Lestari Aris is a woman on the edge. Her tattoo studio on Karangahape Road is hammered by burglaries; the hangers-on in her life, from a teenage runaway to a married cop, are bonded to her for reasons she can’t fathom. And years after Lestari’s father disappeared, her Indonesian mother is still lost in a self-medicated blur.

When a murder in Symonds Street Cemetery whirls Lestari into the orbit of an unpredictable drug, she uncovers a decades-long covert clinical study targeting rough sleepers and others on the fringes – and its dark connections with her own life and history. Everything is connected: the past is circling. How far will Lestari go to save someone she loves?

Set in a vivid, grimy inner-city Auckland, Isobar Precinct explores perceptions of time and progress, and asks whether the past ever disappears. 

‘An offhand, easily missed mention of MKUltra a covert CIA project that ran from 1954 to 1975, in which unwitting subjects were given experimental drugs to alter their behaviour is a clue to a part of the background of the story, but it gives no hint of the subtle and surprising way that story line unfolds. To borrow a term once used to describe Beethoven’s quartets, there’s a controlled unpredictability to it all that makes Isobar Precinct a compelling joy to read.

Summarising the plot gives no sense of the novel’s many pleasures: the turns of phrase, the sharp characterisations and the uncanny way Kasmara renders some of the more magical moments — including time travel — in a way that renders it plausible and clear’, Tom Moody writes in Aotearoa New Zealand Review of Books.

Read more reviews of Isobar Precinct in The Pantograph Punch, Kete, and Landfall.

Isobar Precinct

by Angelique Kasmara

The Cuba Press

ISBN: 9781988595436 

Published: August 2021

Format: Paperback, 294 pages

Angelique Kasmara

Angelique Kasmara has a Master in Creative Writing from the University of Auckland, where she won the Wallace Foundation Prize 2016 for best manuscript.
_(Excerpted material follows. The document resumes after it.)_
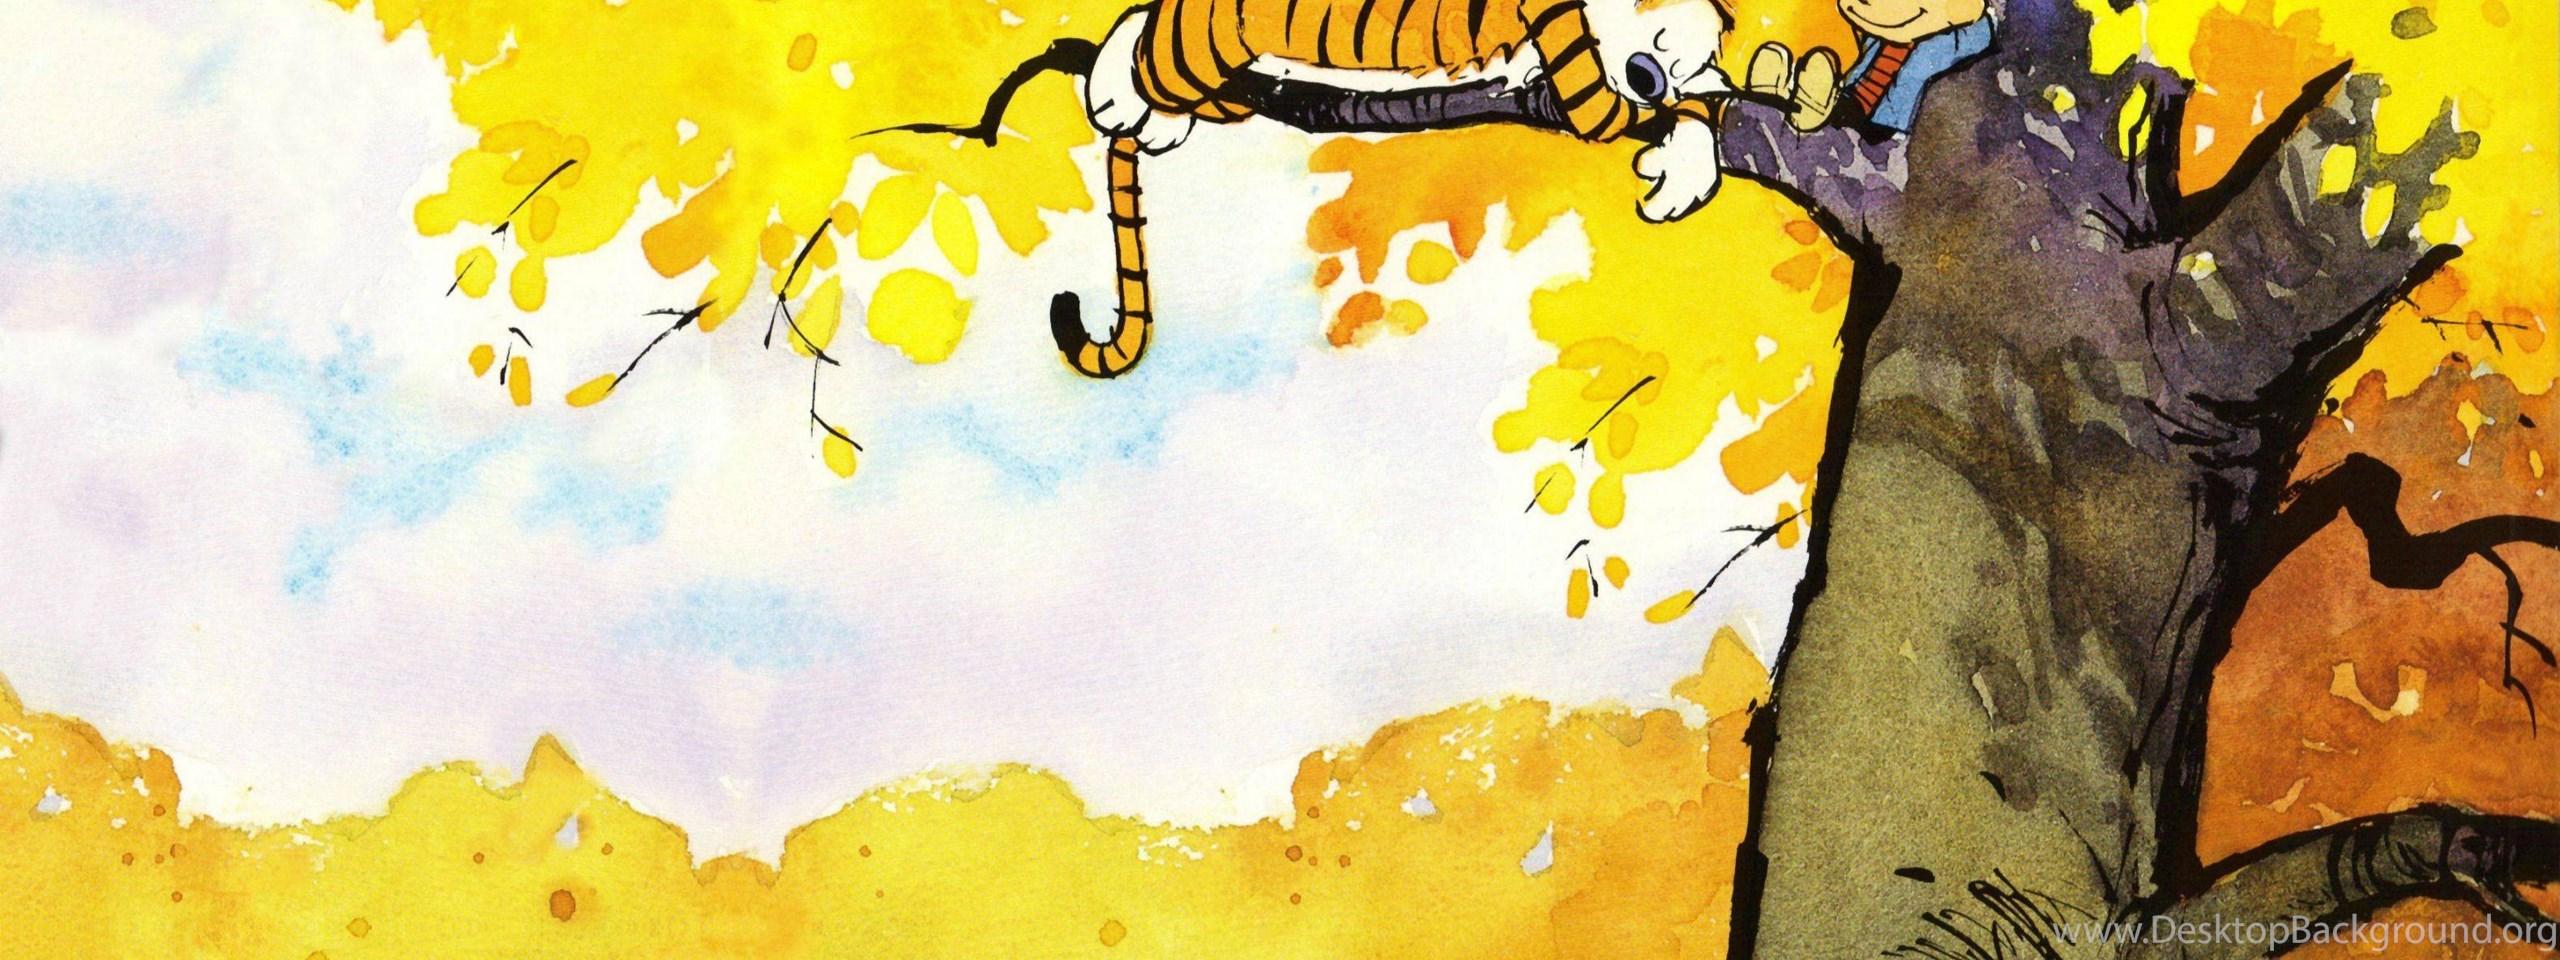 Calvin And Hobbes Wallpapers Pics Desktop Background 2560x960
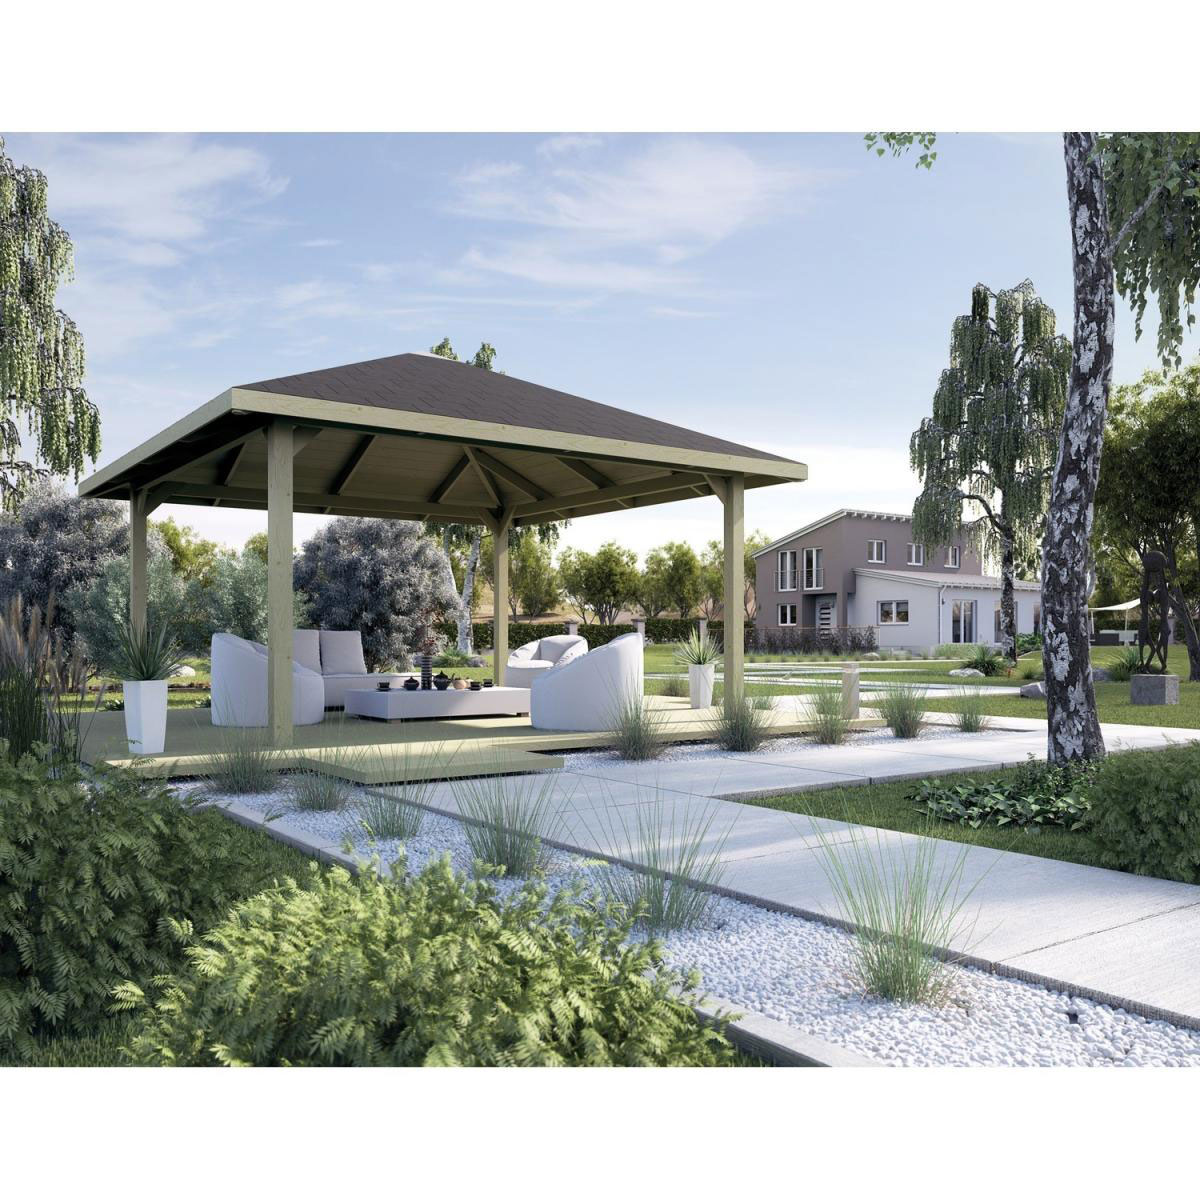 "Pavillons - Holzpavillon ""651 A"" Gr.1 2, 480x480x204 cm 480x480x204 cm  - Onlineshop Hellweg"

Her debut novel Isobar Precinct (2021, The Cuba Press) was shortlisted for the 2022 Ngaio Marsh Awards (Best First Novel) and the NZ Booklovers Awards, and has been published as an audiobook by Bolinda. Her fiction and creative non-fiction has appeared in the NZ Listener, Newsroom, Ko Aotearoa Tātou | We Are New Zealand, and Planeta Distante Aotearoa: ecos y voces de la larga nube blanca. She is the reviews co-editor of takahē magazine.